- _Problem statement_
An exact restatement of the data below, with the pictures removed, is the required answer.

↓↓↓

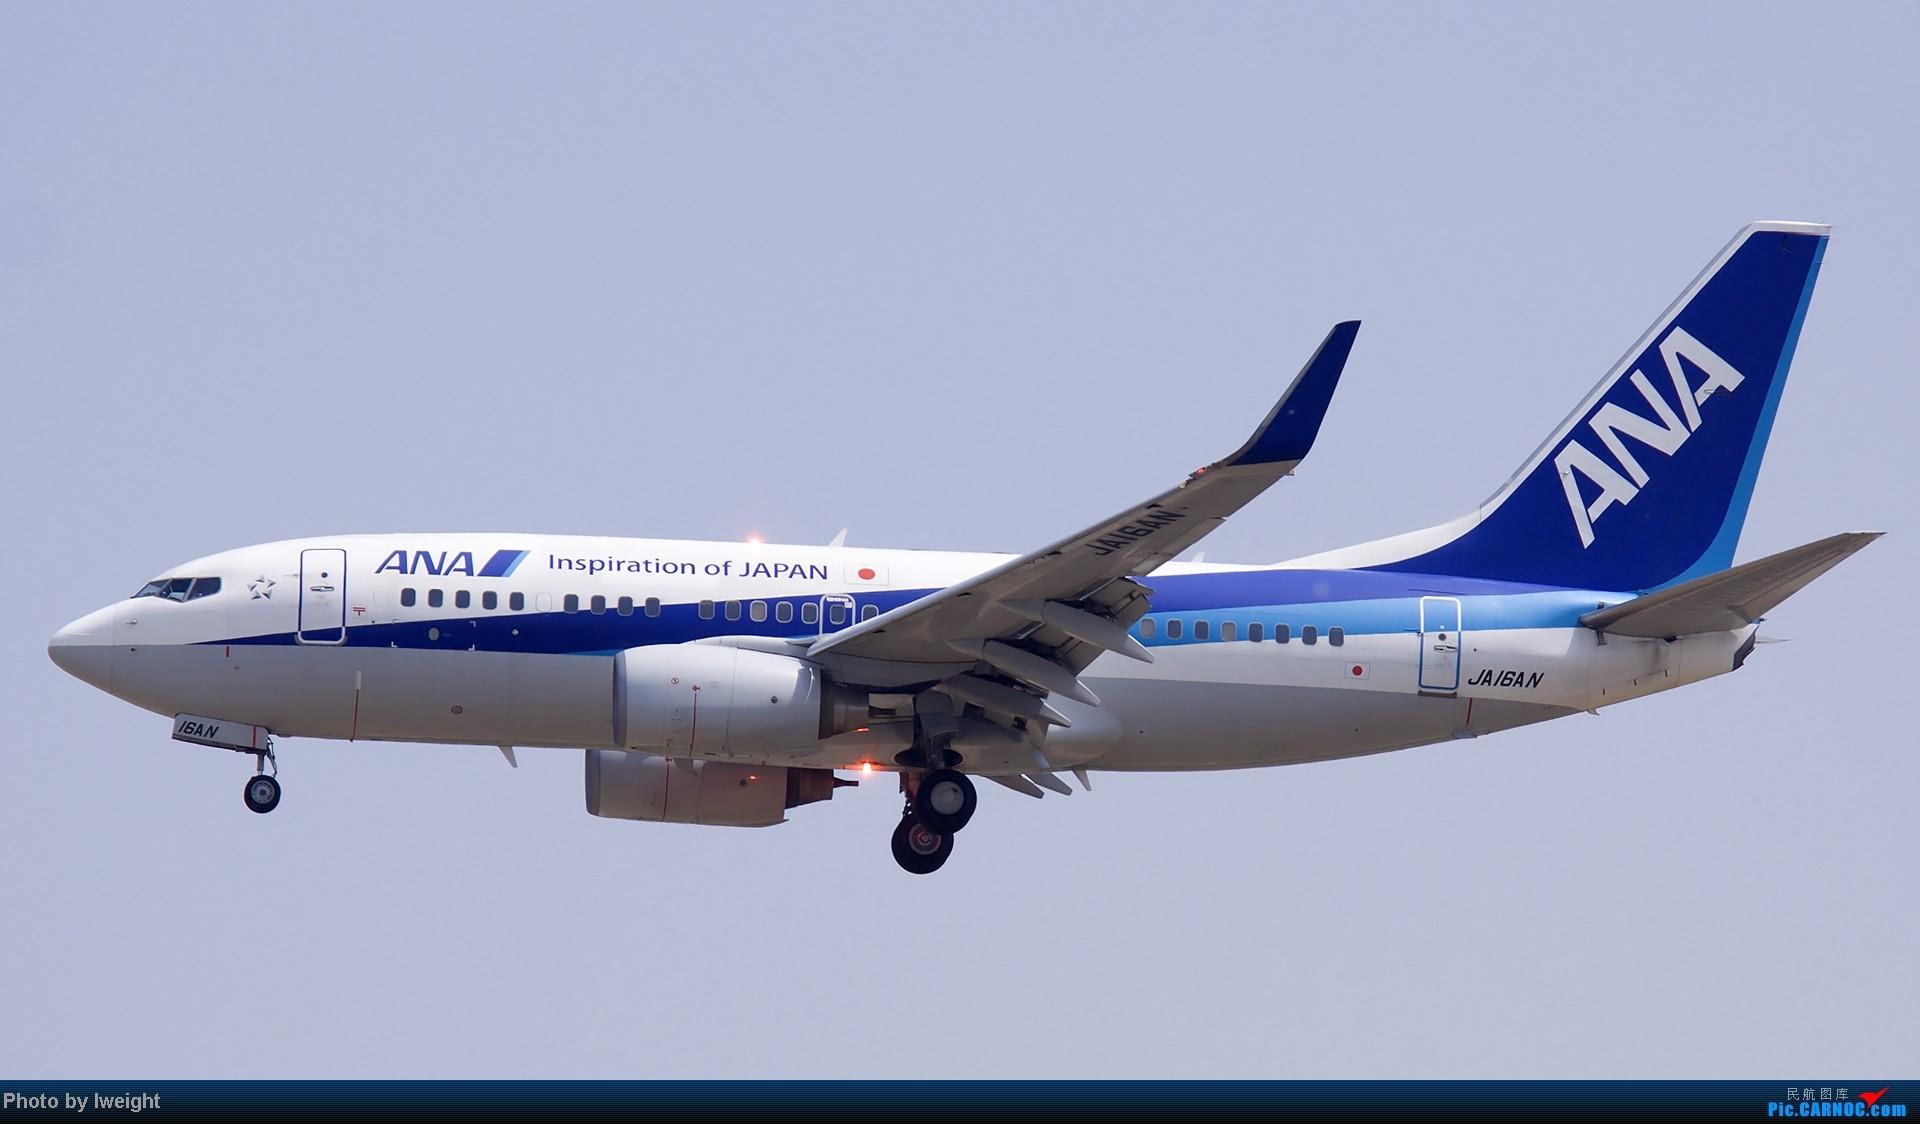 Re:[原创]错过了卡航的巴塞罗那号,只有这些大路货了,泪奔啊 BOEING 737-700 JA16AN 中国北京首都机场
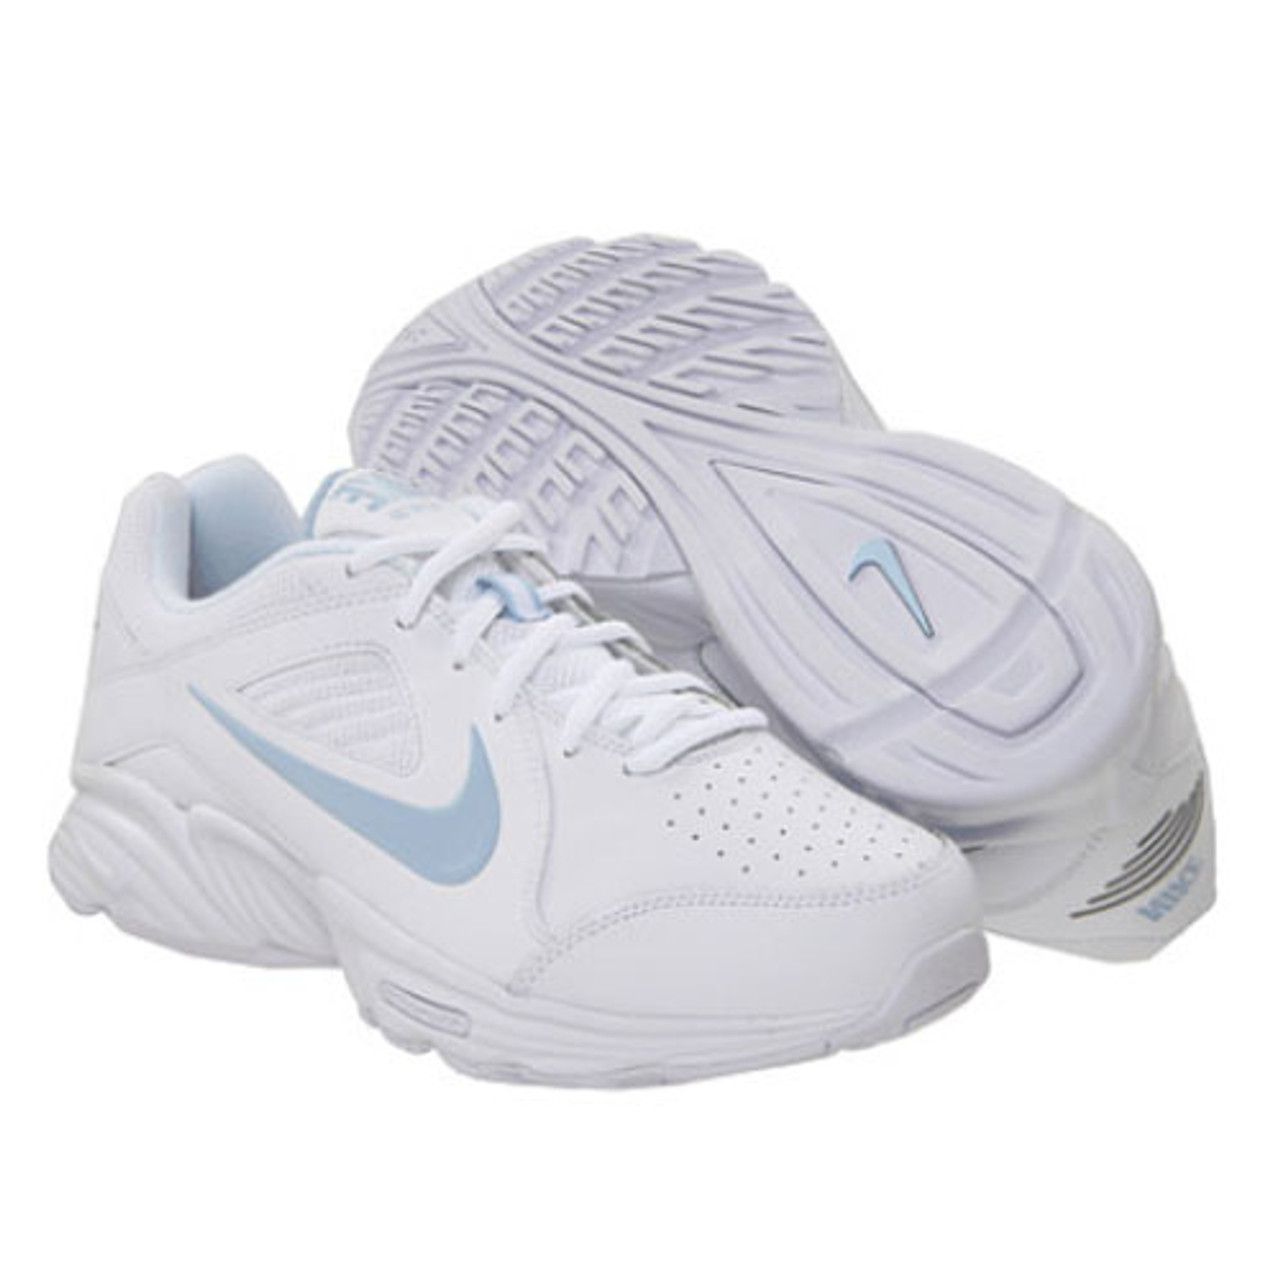 Rebobinar cumpleaños desfile  Nike View III White/Blue - | Discount Nike Ladies Athletic & More -  Shoolu.com | Shoolu.com
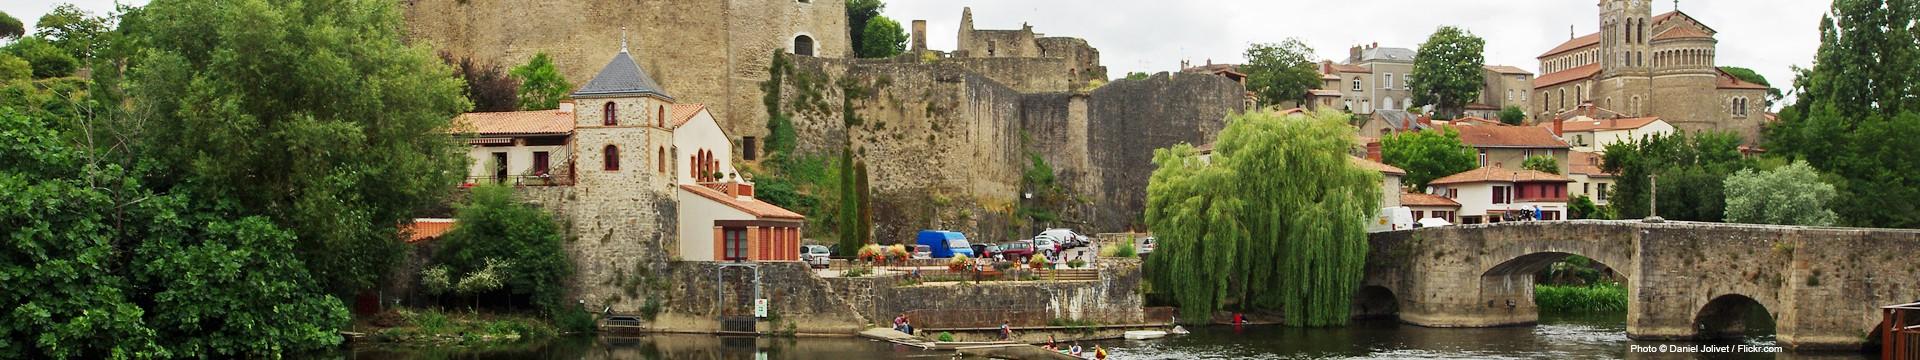 Nantes Sud 3 : Clisson -
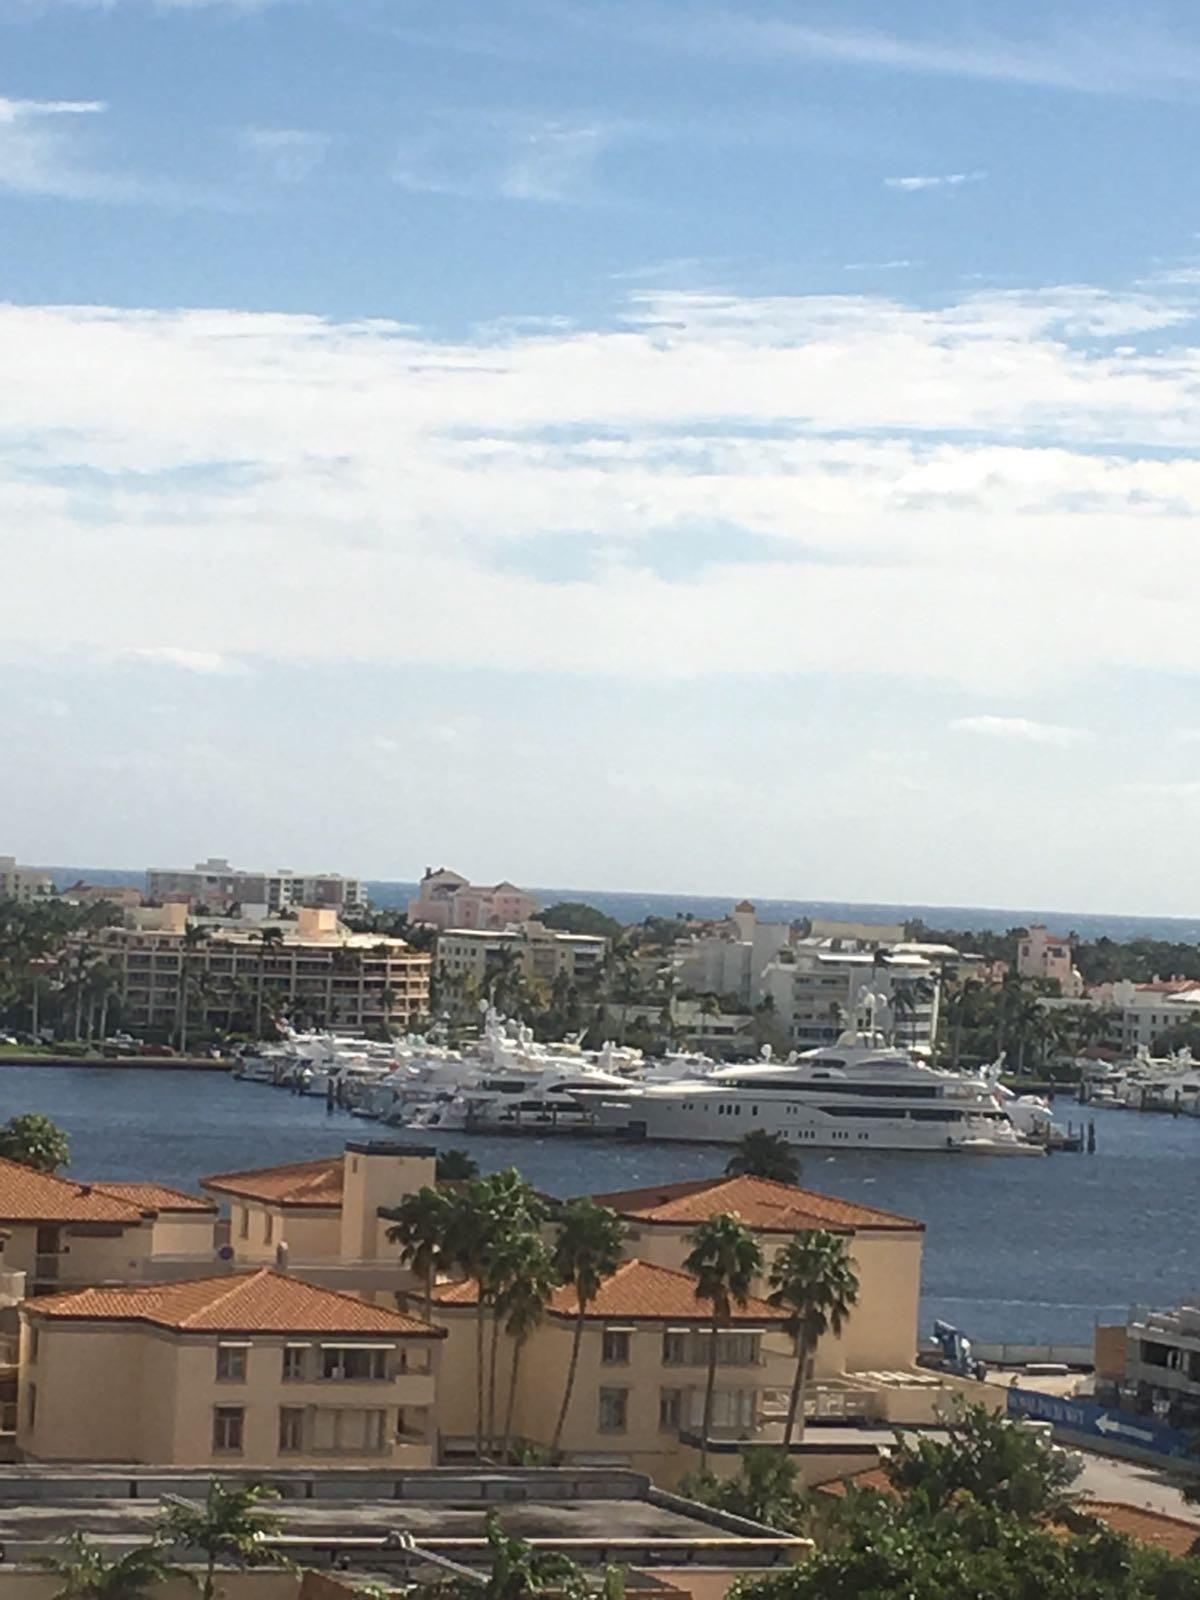 801 S Olive Avenue #707 - 33401 - FL - West Palm Beach
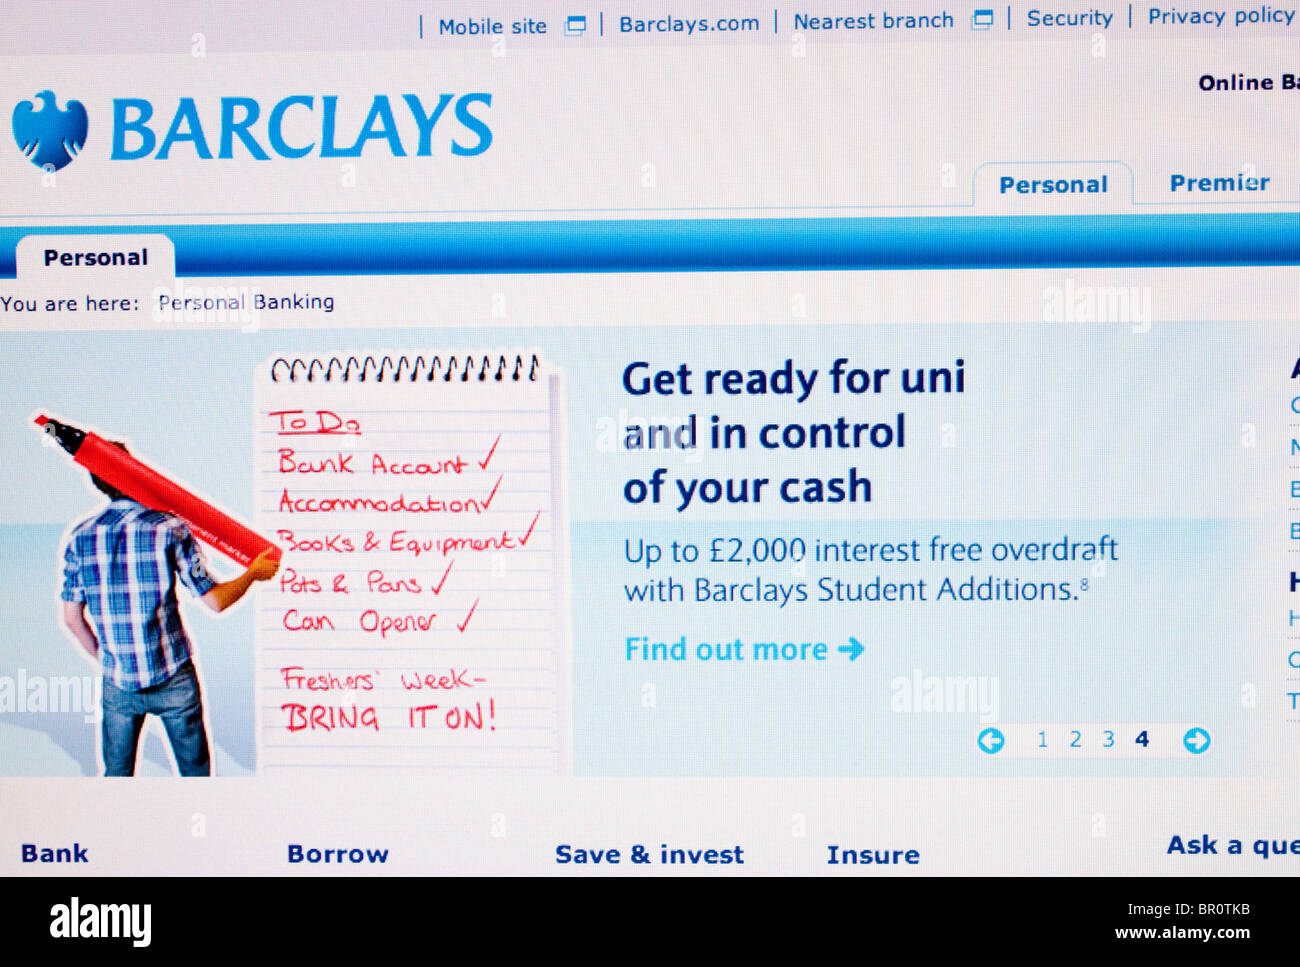 Barclays Bank Screenshot - Stock Image

↑↑↑

- _Written response_
 Re:[原创]错过了卡航的巴塞罗那号,只有这些大路货了,泪奔啊 BOEING 737-700 JA16AN 中国北京首都机场
 Rebobinar cumpleaños desfile  Nike View III White/Blue - | Discount Nike Ladies Athletic & More -  Shoolu.com | Shoolu.com
 Nantes Sud 3 : Clisson -
 801 S Olive Avenue #707 - 33401 - FL - West Palm Beach
 Barclays Bank Screenshot - Stock Image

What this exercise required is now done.